→ **DATASET CONTENT**:

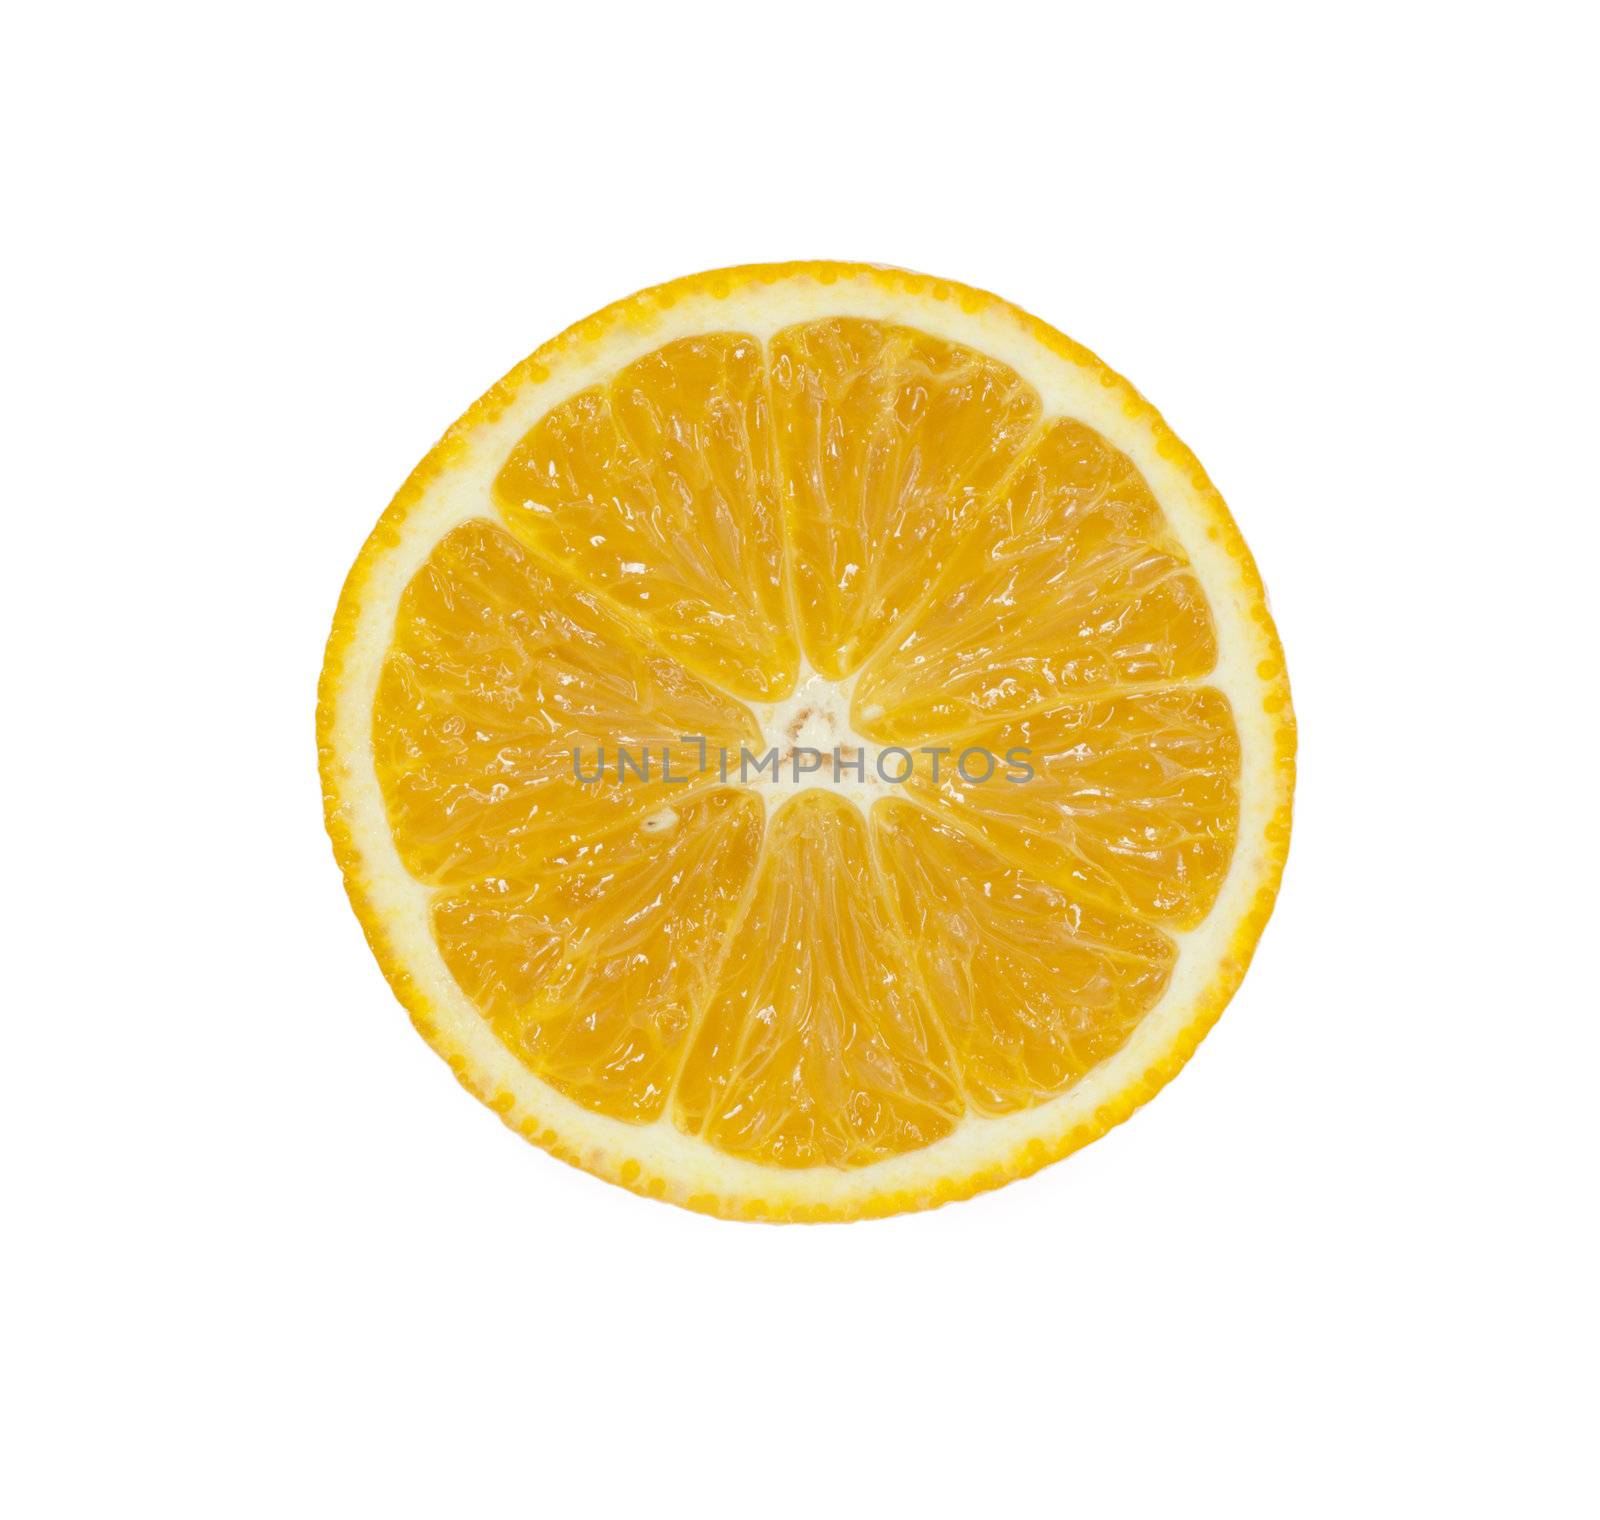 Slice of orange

---

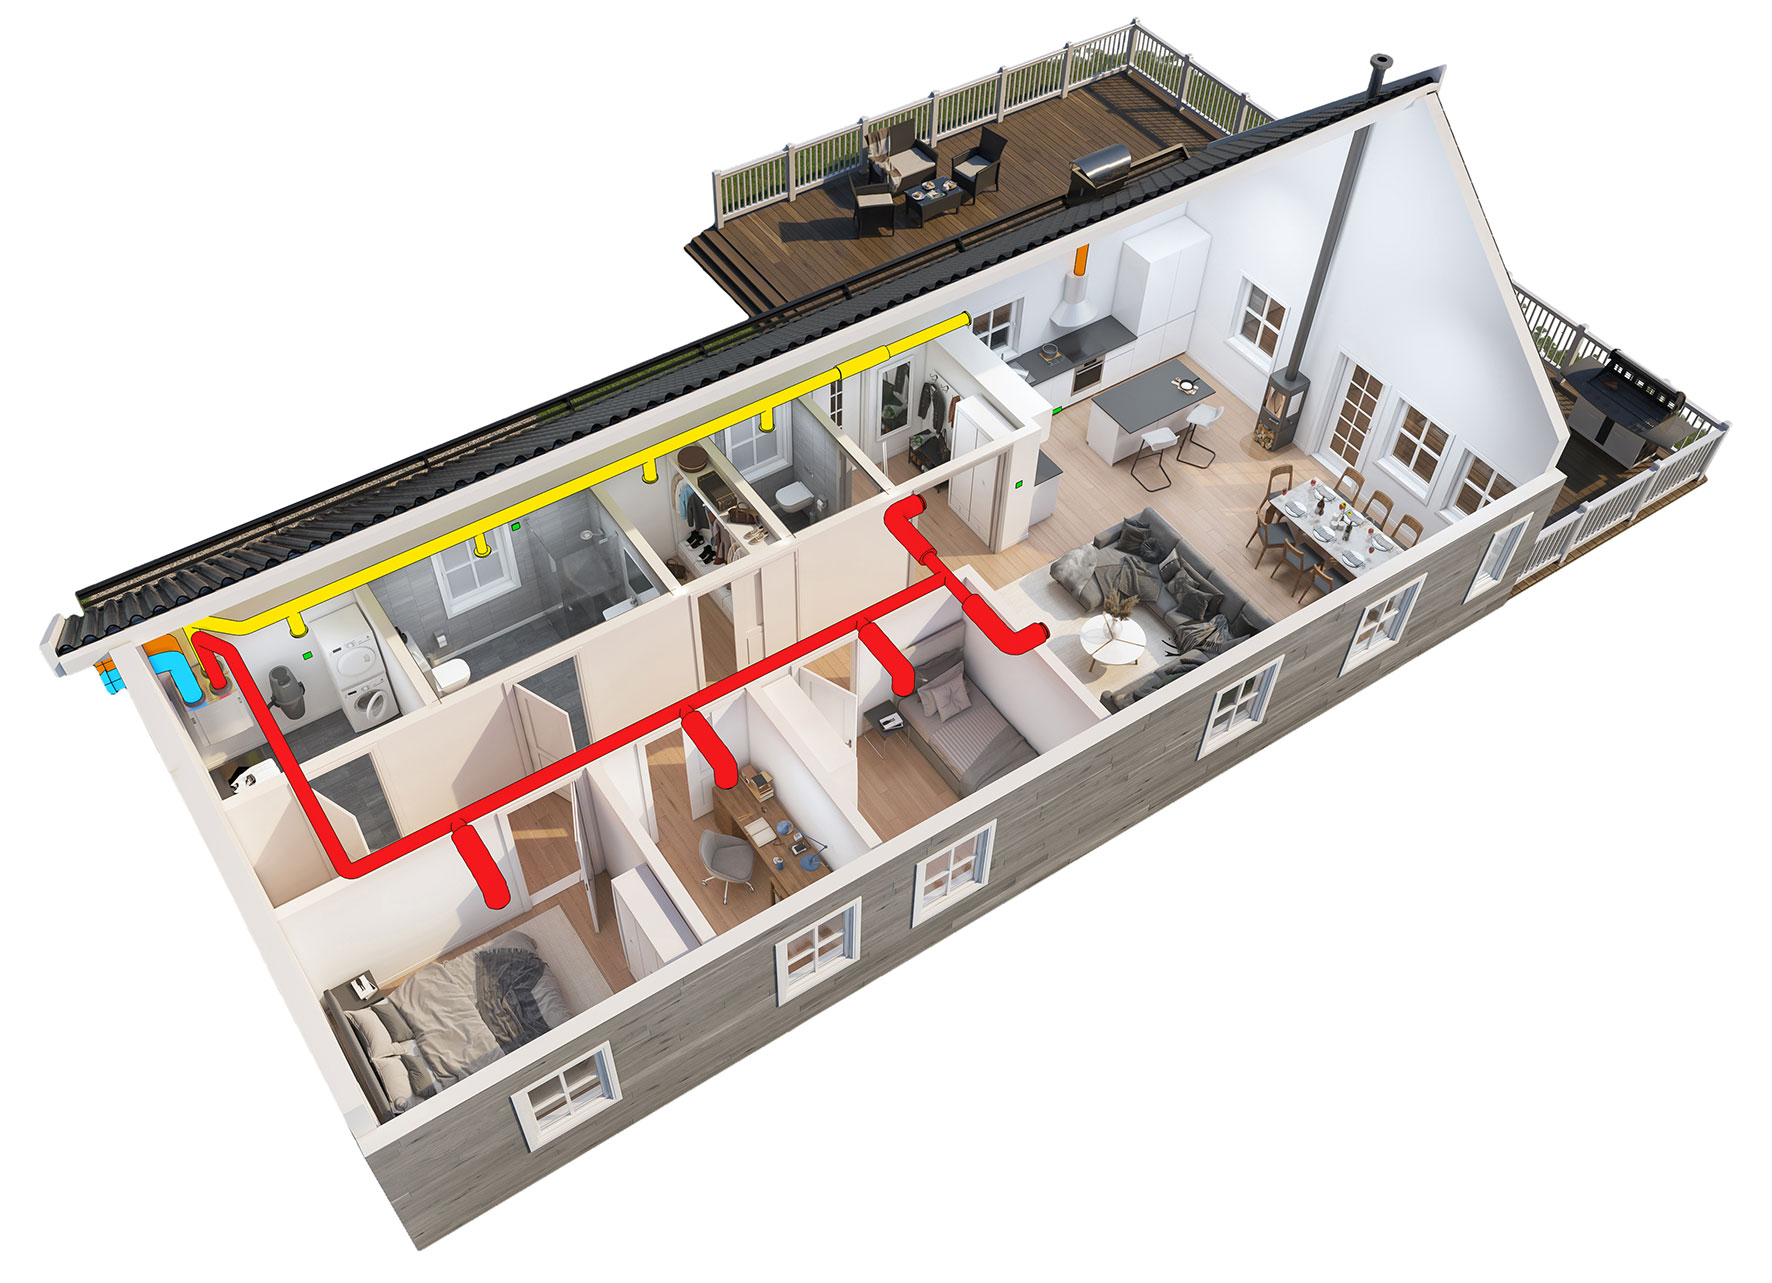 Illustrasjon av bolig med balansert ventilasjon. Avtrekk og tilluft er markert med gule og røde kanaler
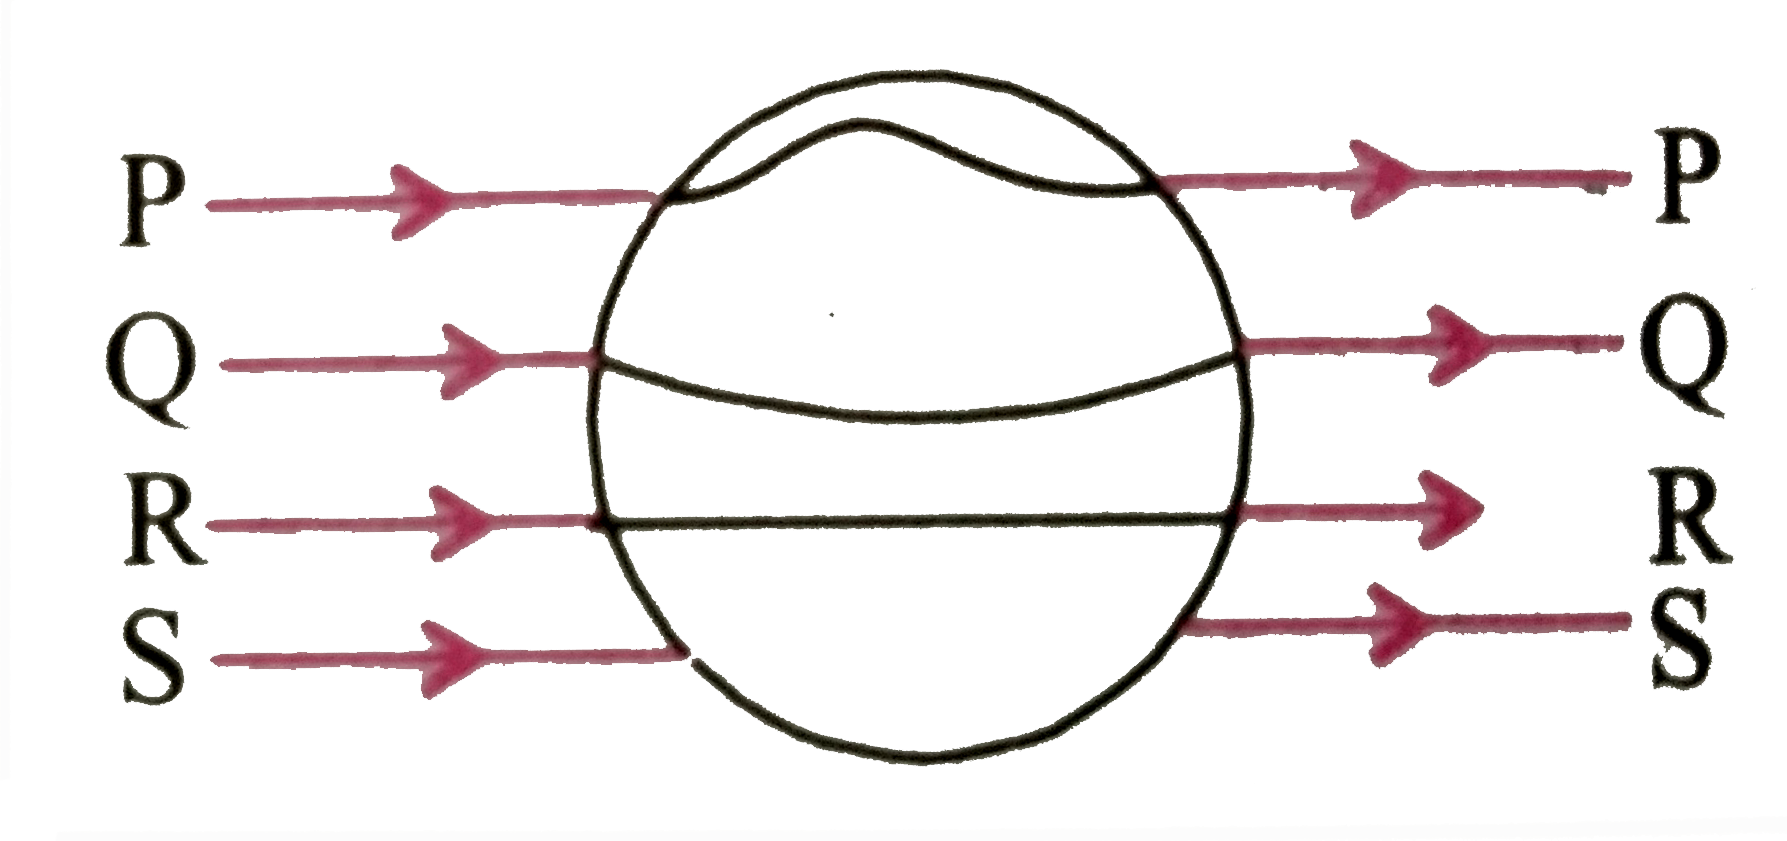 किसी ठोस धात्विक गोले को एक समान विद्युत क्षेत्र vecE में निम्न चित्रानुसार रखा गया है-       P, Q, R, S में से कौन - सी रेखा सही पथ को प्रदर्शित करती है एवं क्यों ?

→ **HOW TO COMPLETE THIS TASK**: For this exercise, please set down exactly the lines of the listing above from the line with "Illustrasjon av bolig" up to and including the line with "किसी ठोस धात्विक", and no pictures.

→ **RESPONSE FOR THIS EXERCISE**:
 Illustrasjon av bolig med balansert ventilasjon. Avtrekk og tilluft er markert med gule og røde kanaler
 किसी ठोस धात्विक गोले को एक समान विद्युत क्षेत्र vecE में निम्न चित्रानुसार रखा गया है-       P, Q, R, S में से कौन - सी रेखा सही पथ को प्रदर्शित करती है एवं क्यों ?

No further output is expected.